# Layout boat camo



## QuackerWhacker (Oct 9, 2007)

I'm planning to use the layout alot more this year. Planning to repaint it and wondered if anybody has a favorite scheme that seems to work better than old drab gray. Opinions?


----------



## dankoustas (Sep 18, 2007)

If you are only on the big water, then the gray is the way to go.


----------



## flockshot (Feb 23, 2007)

i find adding some different shades of grey and making faint stripping, not overdueing though, works very well.


----------



## soggybtmboys (Feb 24, 2007)

The traditional gun boat grey is hard to beat and has passed the test of time. I have seen a few rigs where there was some fading in shapes of waves that looked pretty cool, but not sure on how they fared. Have also seen a boat or two where there were painted with the effect of white caps on it, which would be great, but I would think if you did not have cresting waves would make you stand out more.


----------



## hankrt (Nov 7, 2007)

I'm also interested in re doing our lay out boat with something different from one solid color. Any ideas on colors, camo schemes, pictures would be really appreciated.....Thanks,


----------



## John Singer (Aug 20, 2004)

When I lived in Northern Michigan and did most of my layout hunting on Lake Huron, I found that a solid medium gray color was the best for the layout boat. I tried different wave patterns and the solid color seemed to work best.

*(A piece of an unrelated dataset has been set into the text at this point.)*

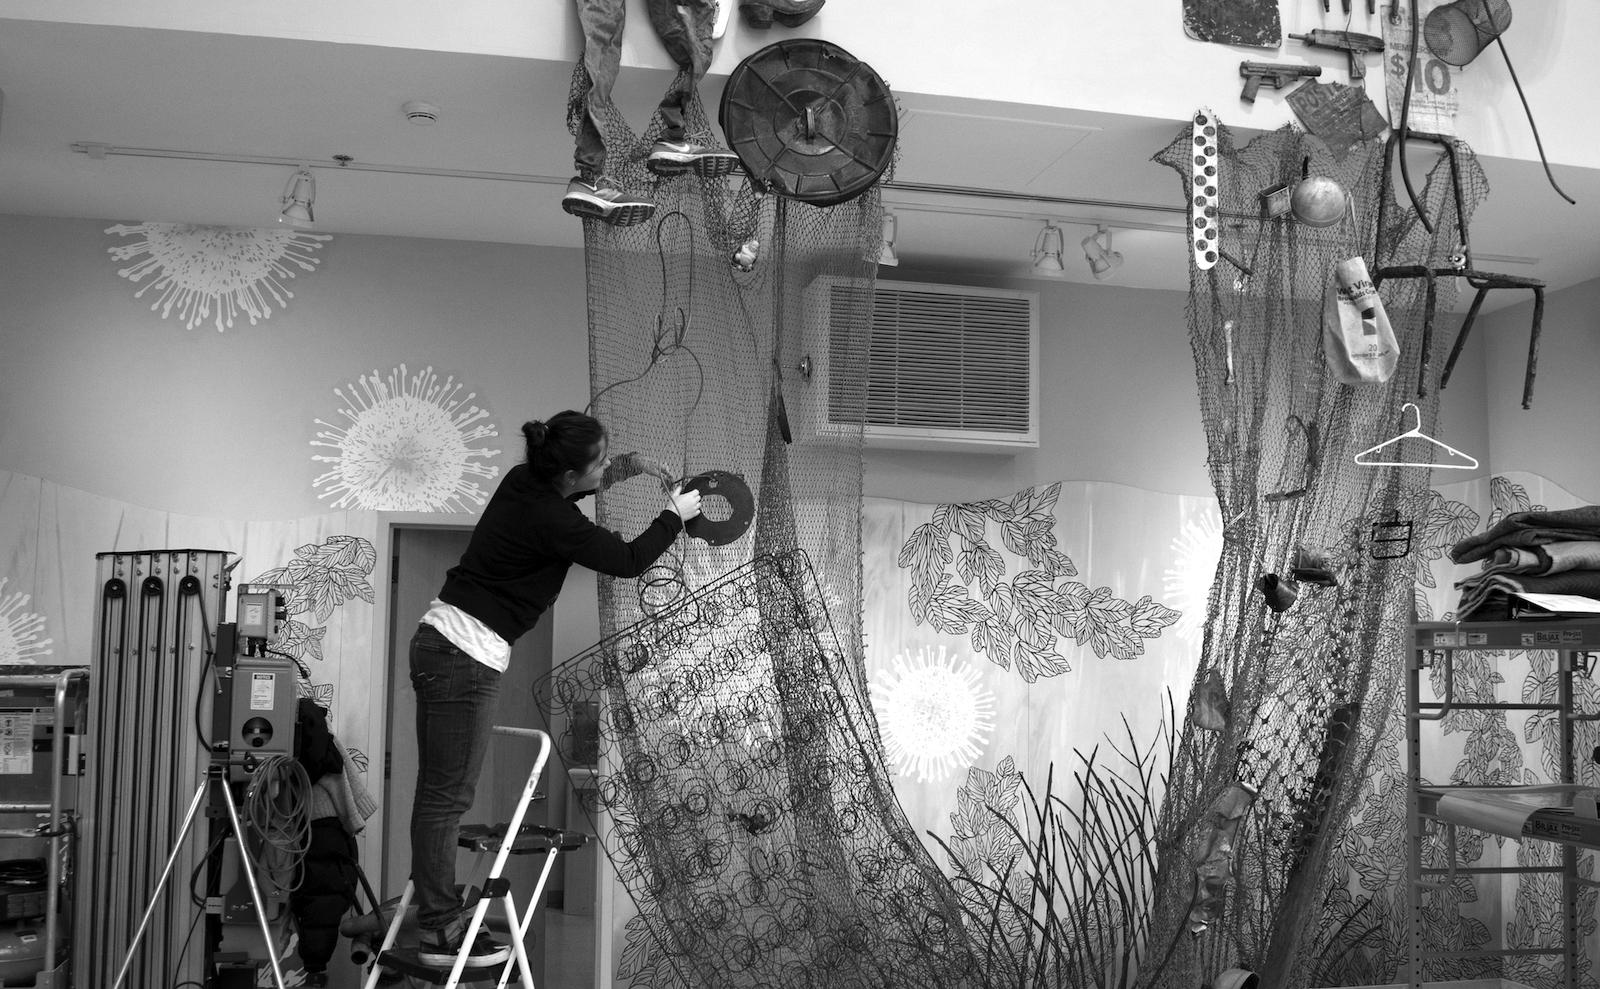 Image of the installation process for River of Trash (2017) at the Turchin Center for Visual Arts in Boone, North Carolina.

After moving to Southern Michigan, I do most of my layout hunting on Lake Erie, (also the Detroit River, Lake St. Clair and Saginaw Bay). Presently my boat is painted an olive drab color. I find that blend's best on Lake Erie and works fine on the other waters.

I have seen many boats painted with two or three color patterns and even outlines of bluebills painted on the deck (gunners in that boat even wore hats that looked like bluebills. I see no advantage to painting any kind of patterns on the boat. Many of these patterns reduce the stealth of the boat on open water. While many of these patterns look cool, they are not worth the effort in my opinion.

The best thing that you can do to make your boat more stealthy is to replace a solid canvas raise with one made of clear vinyl. This reduces any shadow when the raise is in use and the clear viny reflects light like the surface of the water.

When my boat had a canvas raise, it was often the only visible part of the boat when viewed from a distance.

Look over the colors of the boats on Mark Ronger's Mighty Layout Boys webpage for ideas. His boats are very effective and Mark was the guy that talked me into using the vinyl raise.

John Singer


----------



## waxico (Jan 21, 2008)

I am an active layout hunter.
All of my boats are painted with Kush Paint - "Fall Water" color.
I have tried many, this is the best.
Happy hunting


----------



## Branta (Feb 6, 2002)

When you're not wanting to be seen on the horizon, 

When lives are at stake..., 

what color does the U.S. Navy paint their ships with?

I'd go that way!


----------



## Bow Hunter Brandon (Jan 15, 2003)

Branta said:


> When you're not wanting to be seen on the horizon,
> 
> When lives are at stake...,
> 
> ...


Now there you go using common sense. Stop it! :lol:


----------